_EXERCISE DATA_

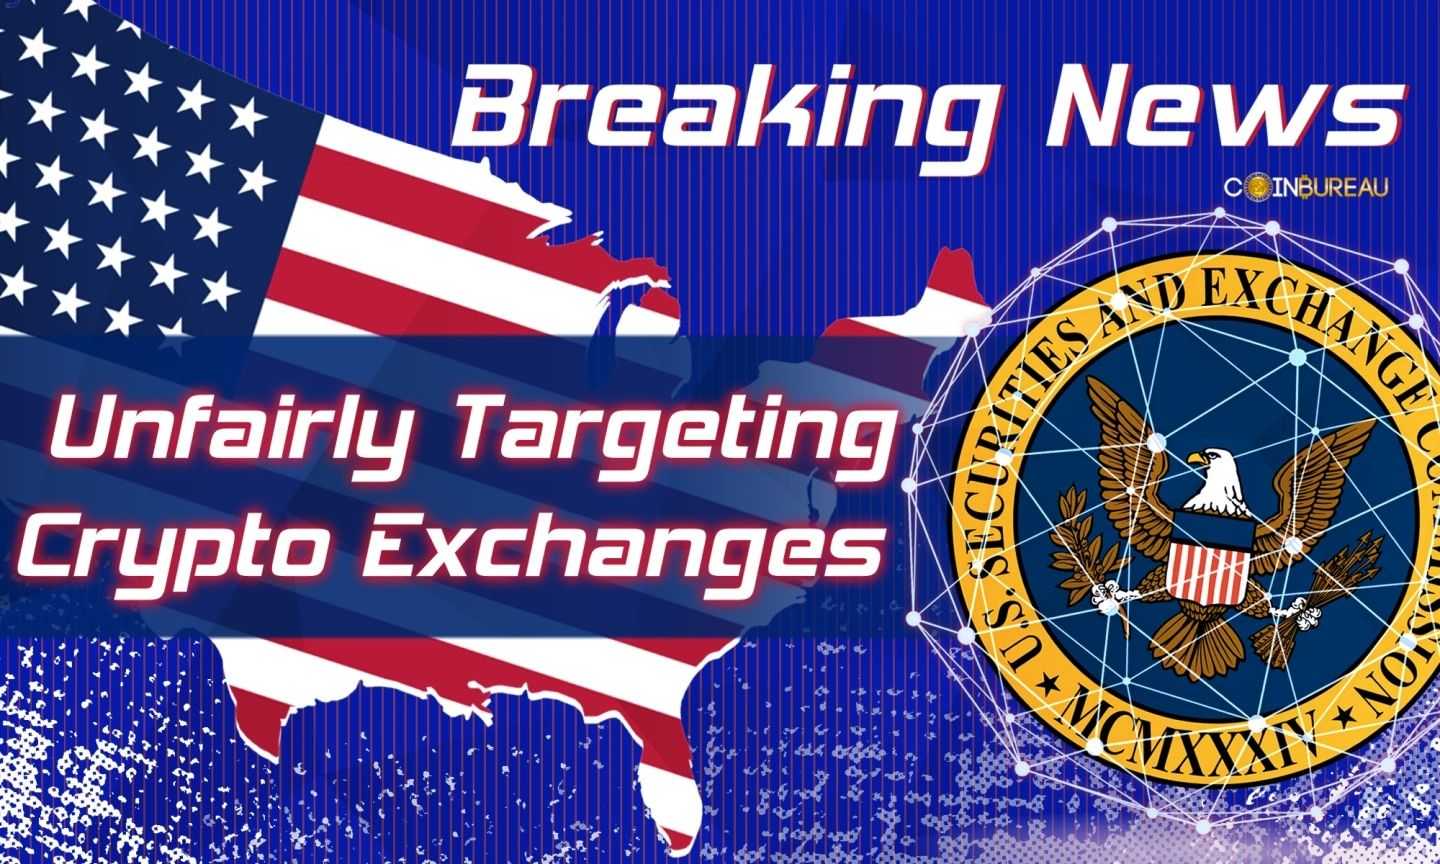 US Officials Slam SEC for Unfairly Targeting Crypto Exchanges in Latest Rule Change
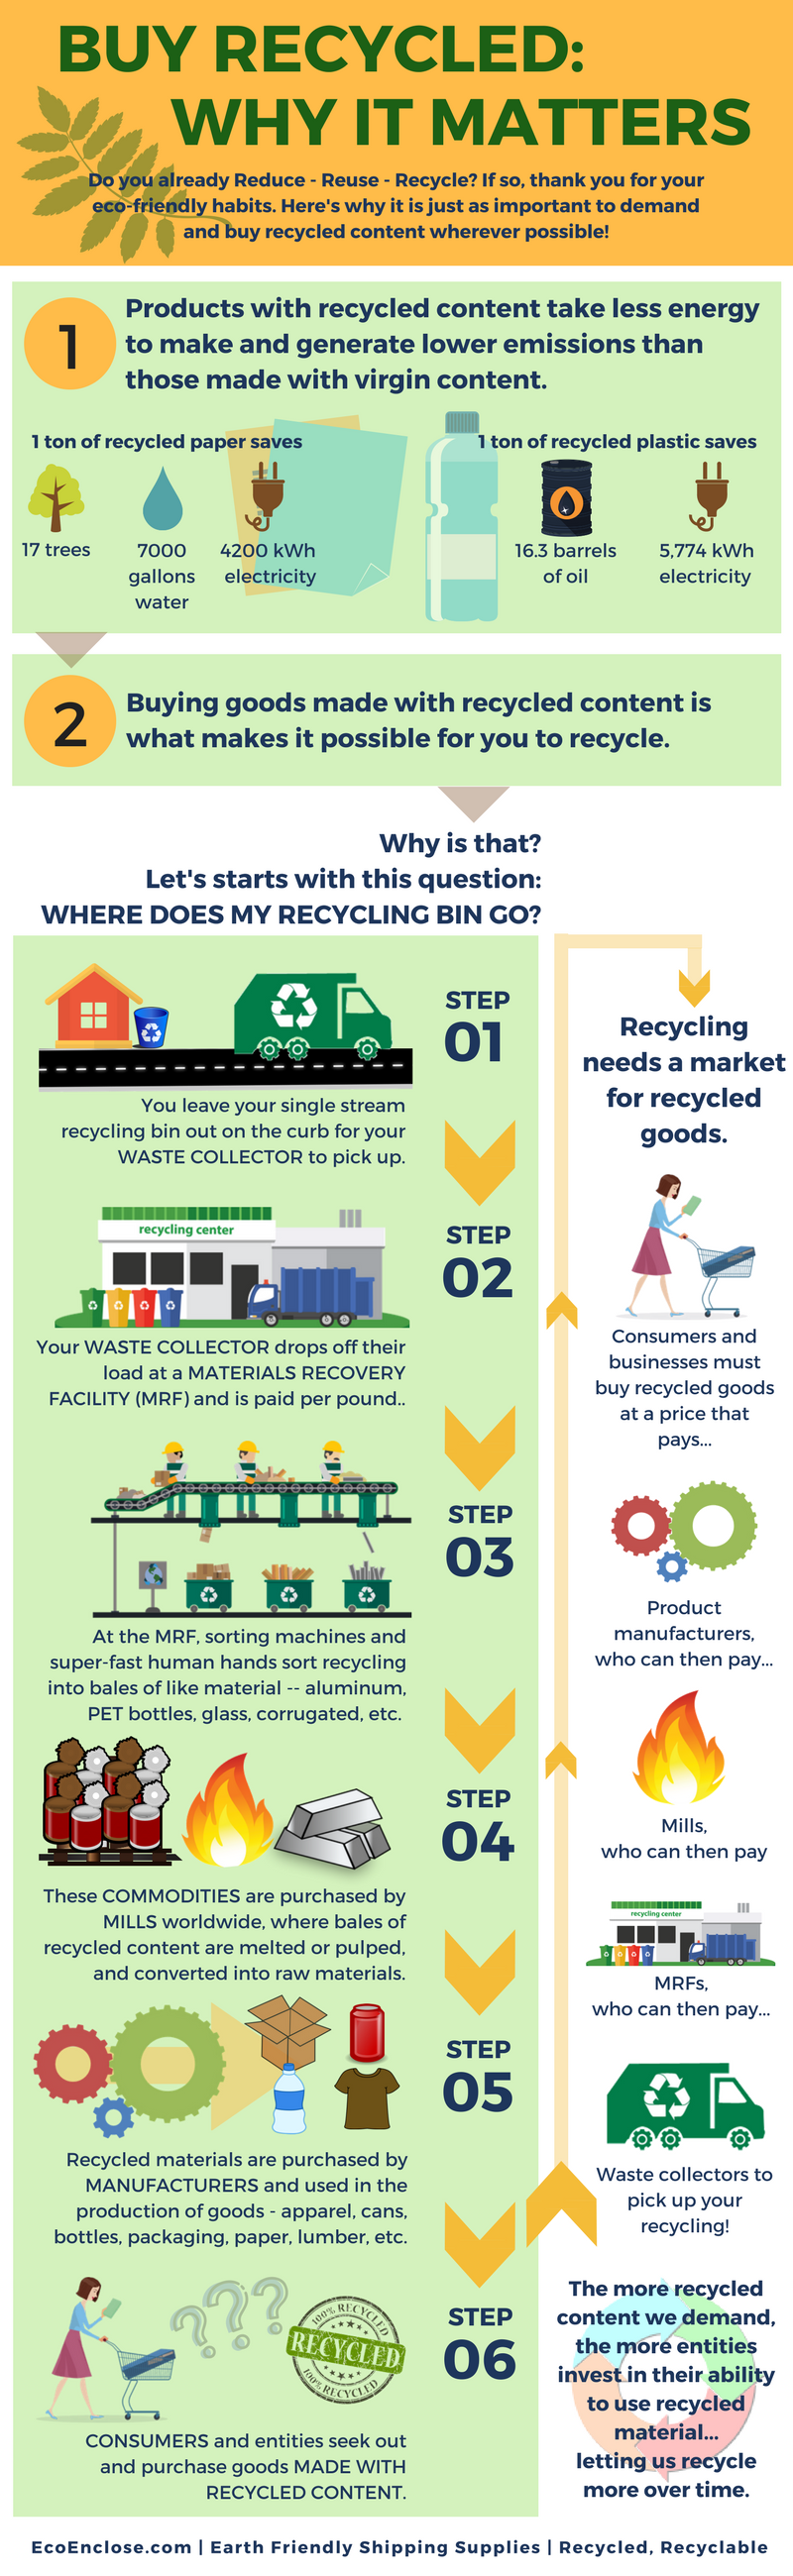 Why Buying Recycled Content Matters
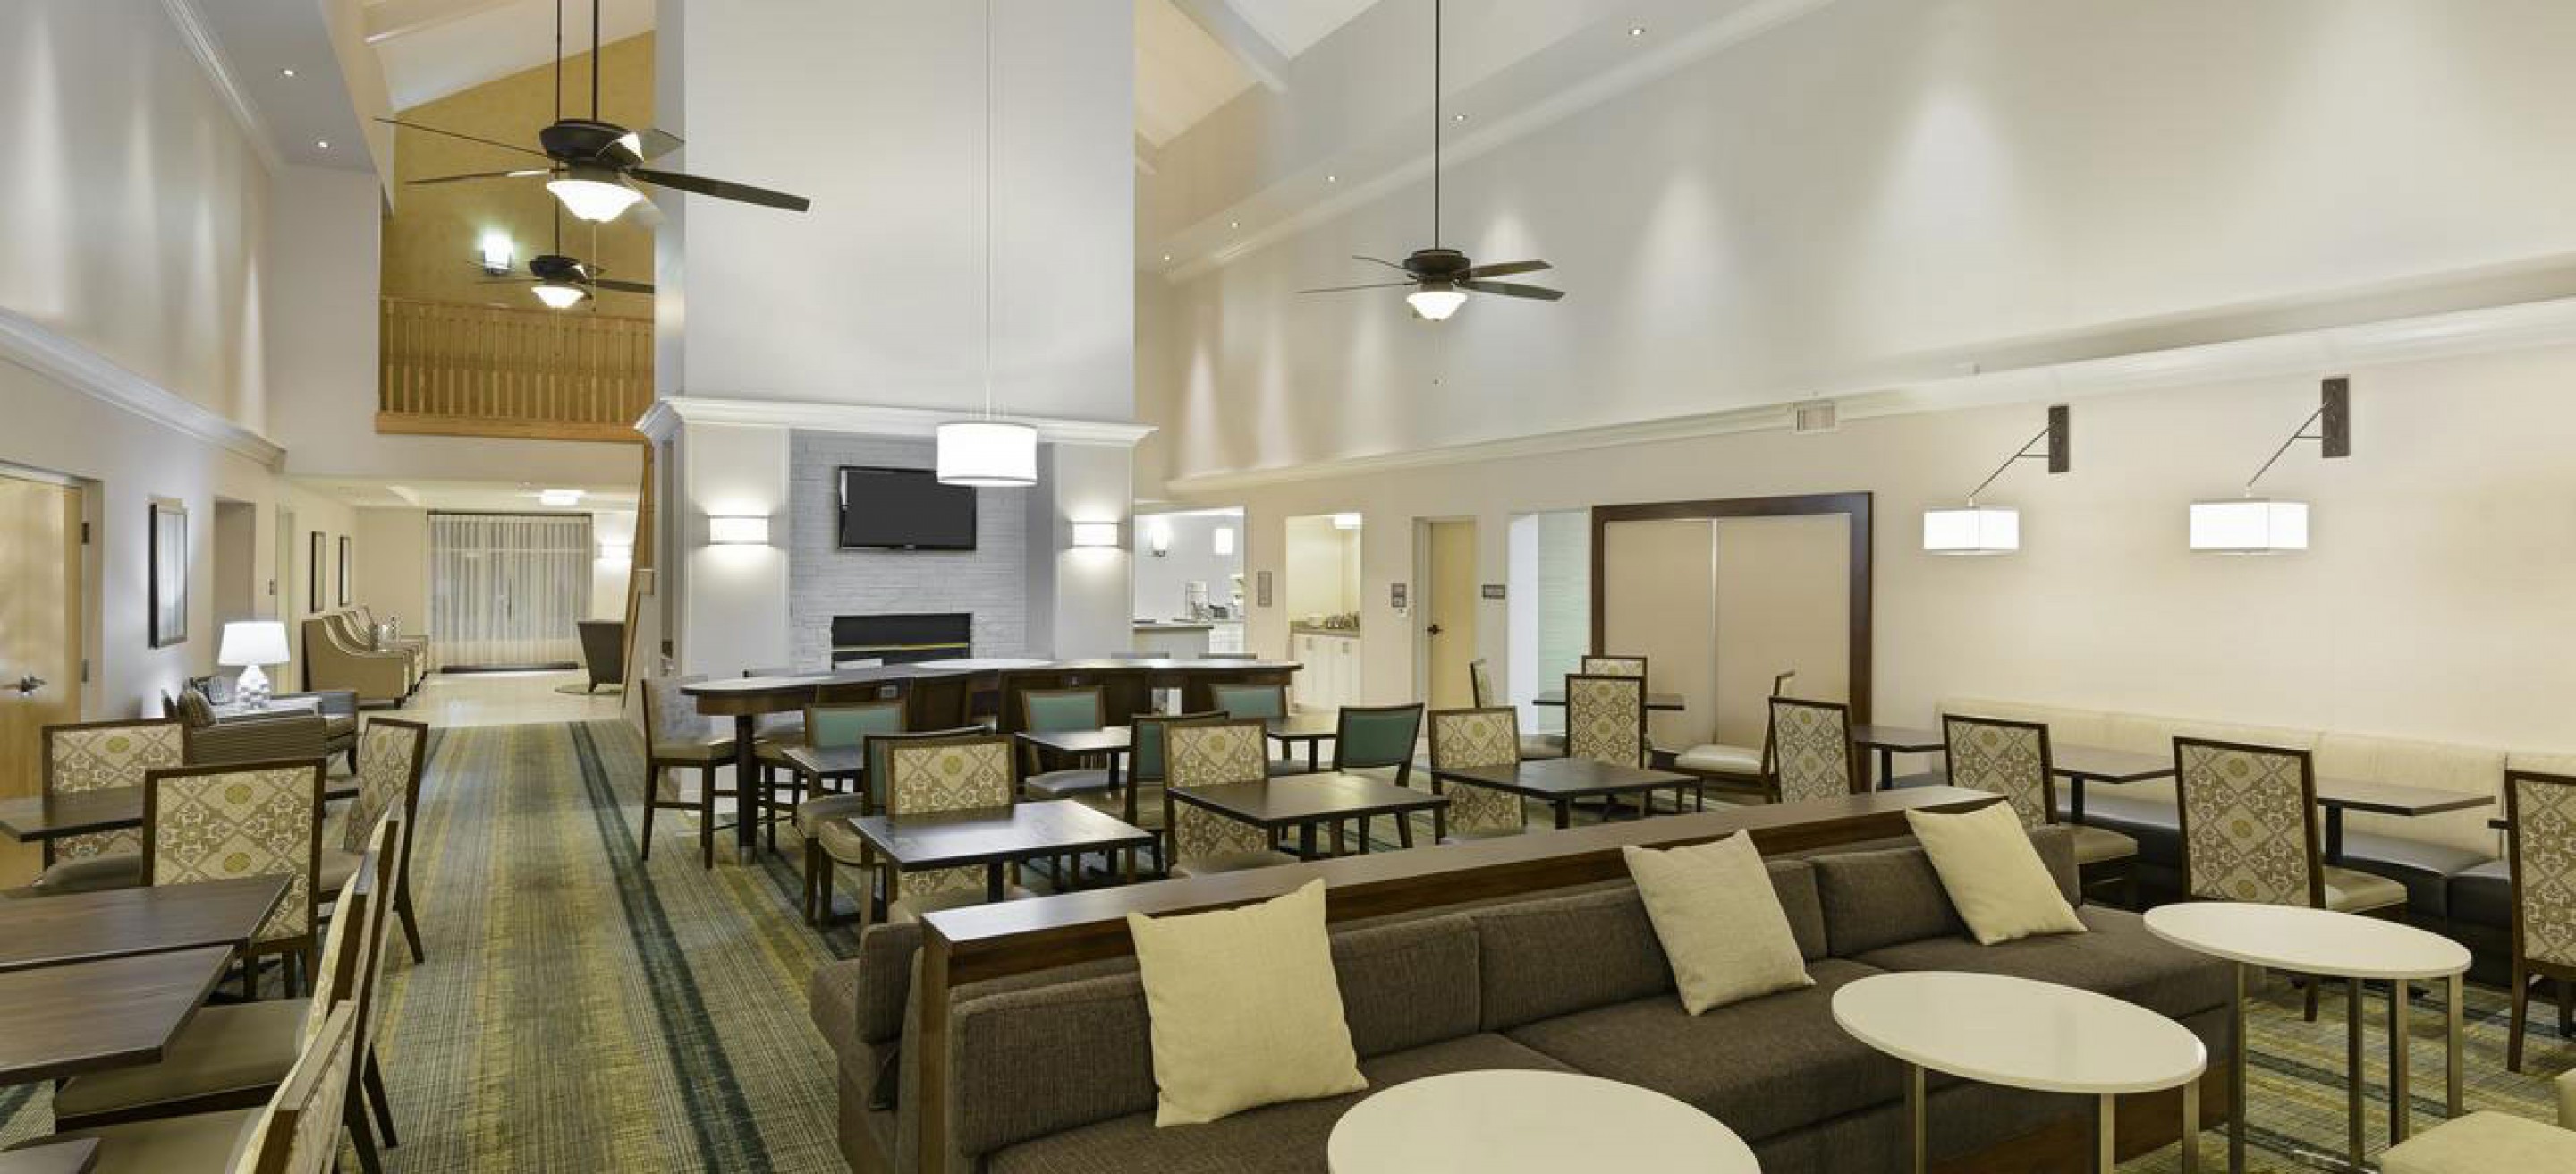 The Gettys One team implemented Hiltons Take Flight initiative for the Homewood Suites in the Phoenix-Metro Center Hilton

_TO DO_
Copy the material exactly as written and leave every picture behind.

_SOLVED EXERCISE_
 US Officials Slam SEC for Unfairly Targeting Crypto Exchanges in Latest Rule Change
 Why Buying Recycled Content Matters
 The Gettys One team implemented Hiltons Take Flight initiative for the Homewood Suites in the Phoenix-Metro Center Hilton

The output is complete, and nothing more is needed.